Türk siyasetinin omurgasını Türkçe okumak, Türk’çe söyleyebilmek oluşturur. Ortak ve yumuşak dil toplumu kaynaştırma felsefesi, beka vizyonudur. Demokrasinin temel taşları siyasi parti mensupları çirkin sözlerle karşılıklı ateş püskürmeleri siyaseti politize eder, siyasi çürümüşlük ortaya çıkartır. Siyasetçileri entrikalara sürükler, abidik gubidik faaliyetlere zorlar. Halk bunlara olumlu yanıt vermeyebilir…

Her bireyin tıpa tıp aynıyı düşünmesi imkân dışıdır. Yakın düşünceler ve bireysel sevgi tomurcukları toplumsal teşkilatlanmaları oluşturur, siyasi partilerin kurumlaşmasına yol açar. “Kötü, kem söz sahibine aittir!” atasözü manidardır. Günümüz politikacıları öyle bir mideye sahipler ki her şeyi sindirebiliyorlar. Karşılıklı atışmalarında kullanılan kelime ve cümleleri halk tabanında sindirilemeyince kavgayı kaçınılmaz sanmaktadır. Bu da kırgın, kırılgan yapılara ve ahlaki çürümüşlüğe temel oluşturmaktadır.

Aldığımız siyasi eğitim ve öğretimlerde devlet; cumhurbaşkanlığından köydeki çobana kadar içine alan milli teşkilatın omurgası, vatandaşını kucaklayan baba olarak gösterildi. Bu tarihin derinliklerinden gelen “devlet baba” söyleminin temeliydi. Mitolojinin siyasetteki yerini de yaklaşan cumhurbaşkanlığı seçim sürecine hızlı girişte kullanılan politik dilden kavrıyoruz…

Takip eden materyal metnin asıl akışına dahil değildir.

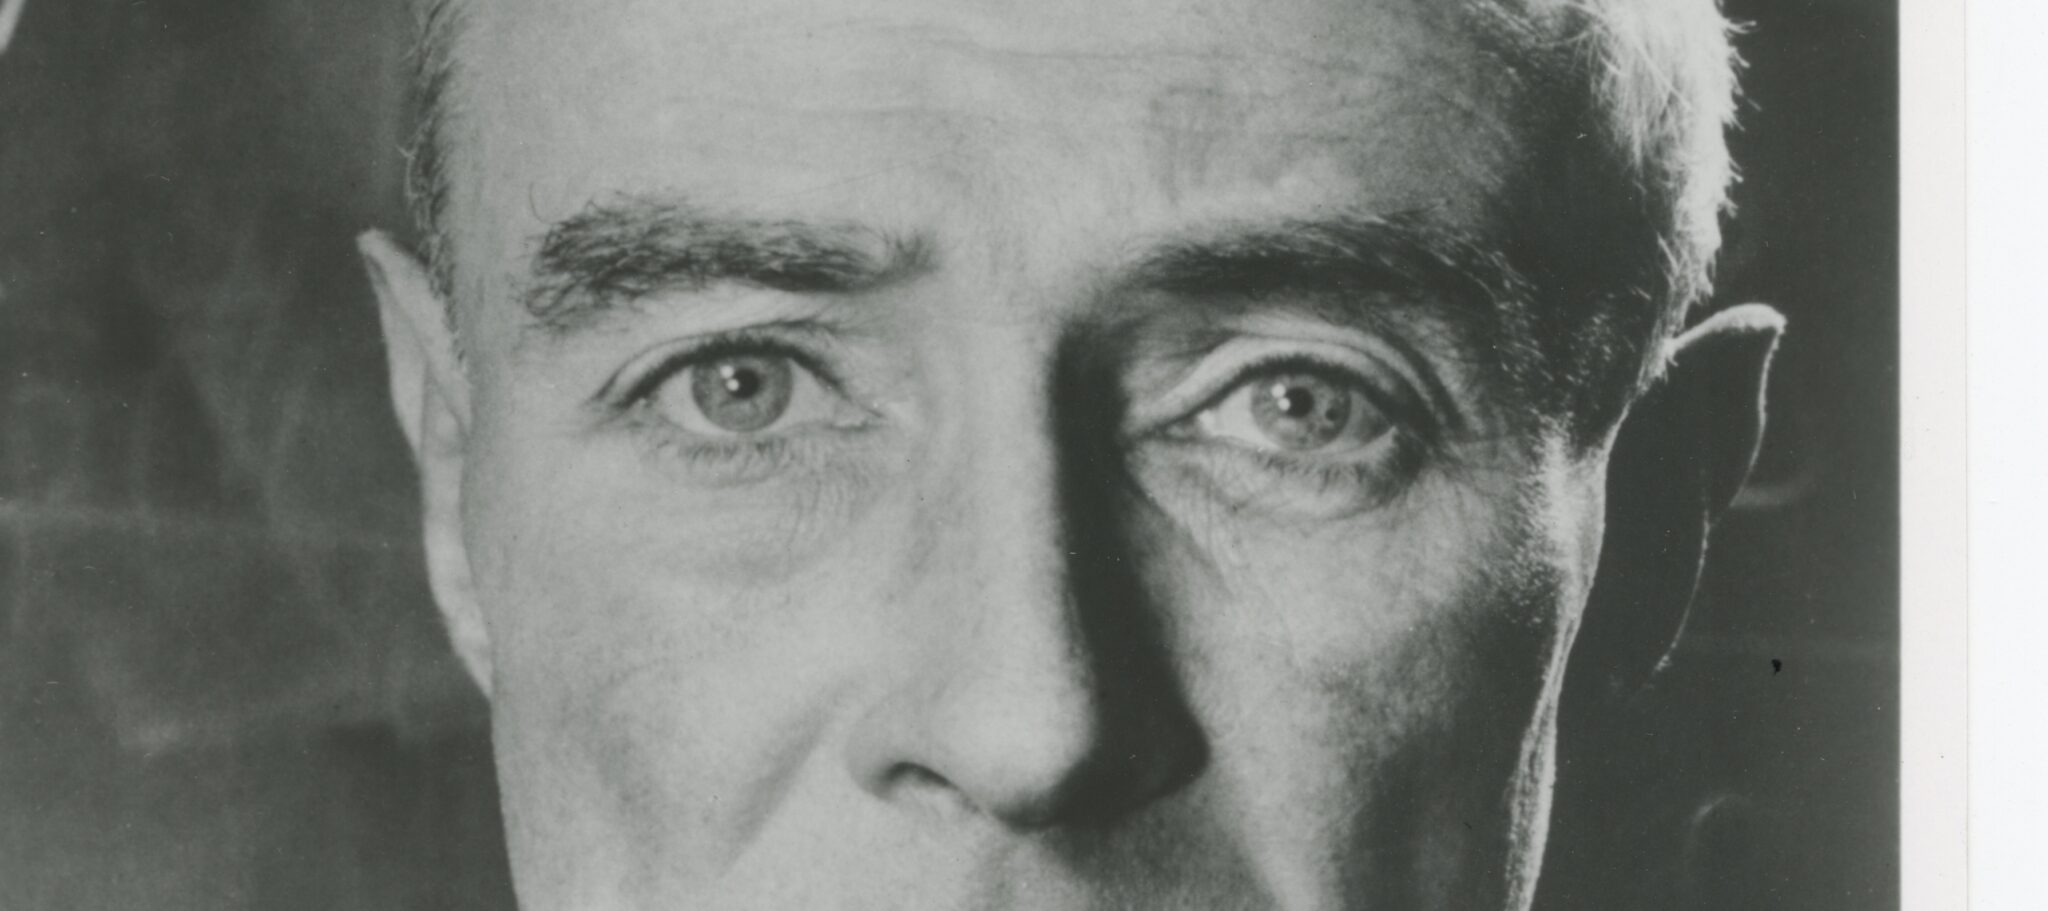 Oppenheimer's eyes
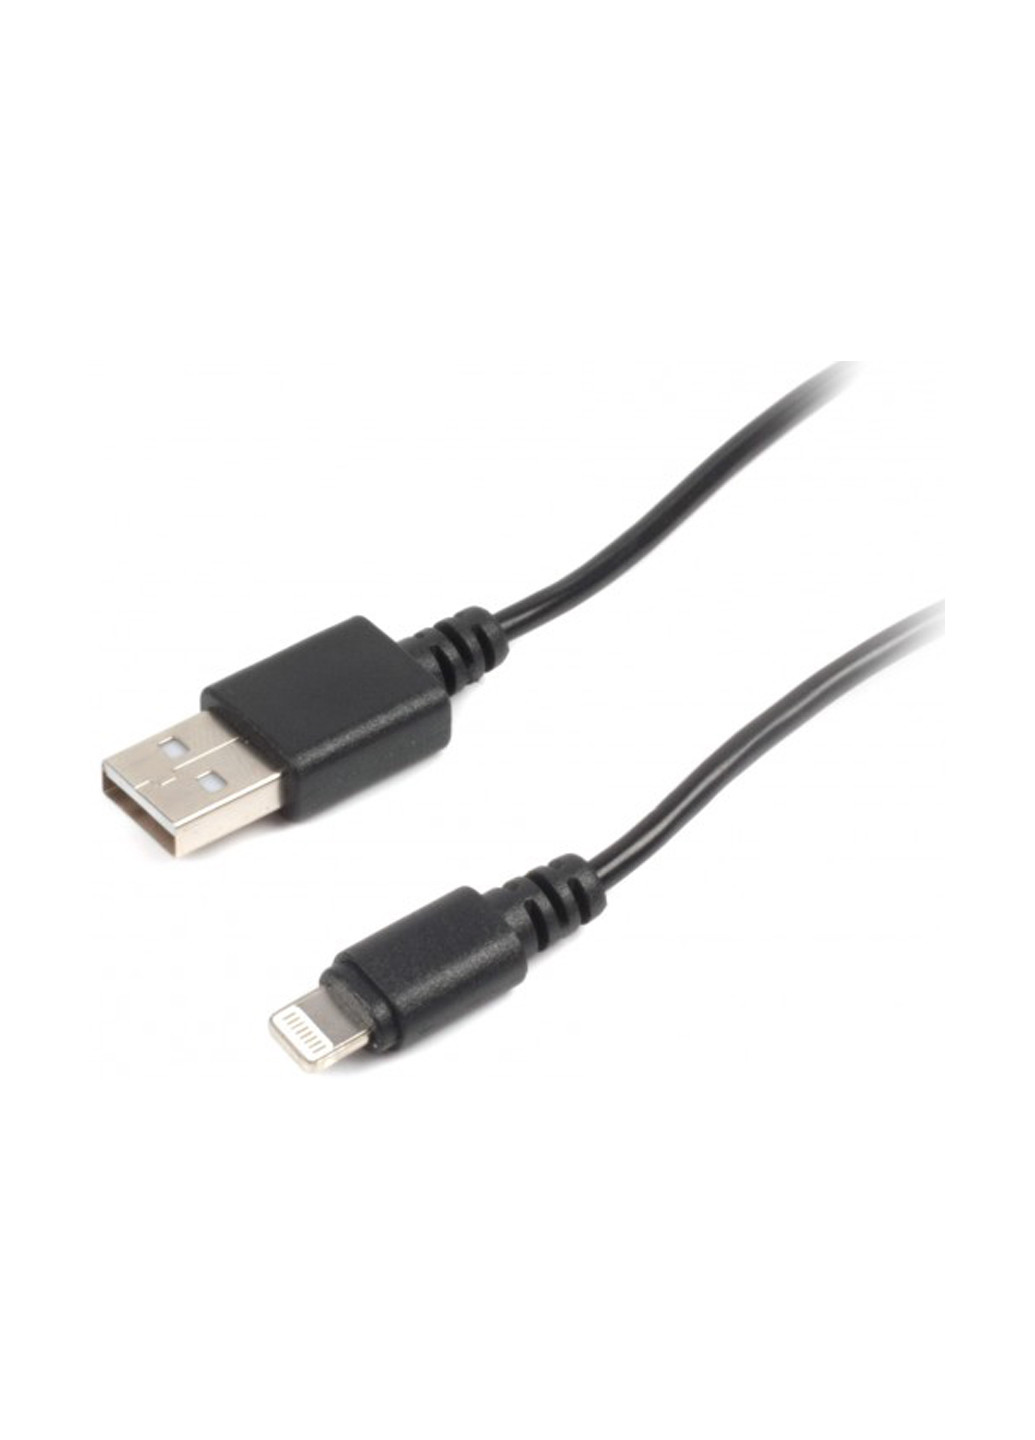 Кабель синхронізації USB 2.0 BM-тато / Lightning, 1.0 м (CC-USB 2-AMLM-1M) Cablexpert usb 2.0 bm-папа/lightning, 1.0 м (cc-usb 2-amlm-1m) (137550365)

Politikanın esasını yaşatan partilerin kazanma hedeflerine ulaşmak için sergilenen tavır aslında, hukuk açısından fiiliyata geçer ve işlem görür. Elbette oyun kurucuları vardır. Hukuki uygunlukta sakınca çıkmamışsa etik, ahlaki yönü seçmenin tavrında değer bulur. Seçmen iradesine ipotek koymak için hakaret, ateş püskürme, entrika kurma, çirkin sözlerle siyasi çürümüşlük yaratmaya gerek olmamalı, abidik gubidik dalavera aldı başını gidiyor…

Her bireyin aklında fikrine, bazılarınınsa çıkarına yakın bir parti, beyninde bir ideoloji, dilinde politika vardır. Kara politika ve karanlık ideolojiye saplananlar da olur. Özellikle halkın karşısında makam, mevki sahipliğine erişenlerin oluşturduğu vitrinde her kelimenin kullanılması, her sözün gelişigüzel düşünmeden sarf edilmesi siyasal omurgaya, Türk Devlet edep-adabına uygun düşmez. Herhangi bir parti teşkilat Başkanlık makamındaki zatın; “bütün kâfirler birleşse ne çıkar…” demesine karşın “bütün dindarlar birleşse ne çıkar; iyiler atak yaptı, kötüler çılgına döndü…” eleştirileri toplumsal birliktelik yanında dinsel inancın politizesi hoş değildir…

Aynı salondaki gurup toplantısında; “Recep Tayyip Erdoğan’dan Cumhurbaşkanı olmaz!”;  diğerinde “Recep Tayyip Erdoğan, Cumhurbaşkanı adayımızdır!” ilâmını aynı heyecanla ayakta alkışlayan aynı milletvekilleridir. MHP lideri, Sn. Dr. Devlet Bahçeli’nin gelinen nokta ve siyasal oluşumlar sonrası siyasi derinlik ve birikimindeki beka meselesi seçimin sonuçlarıyla ortaya çıkacaktır… İki tarafa serpişmiş görünen ülkücü mefkûre şimdilik muammadır!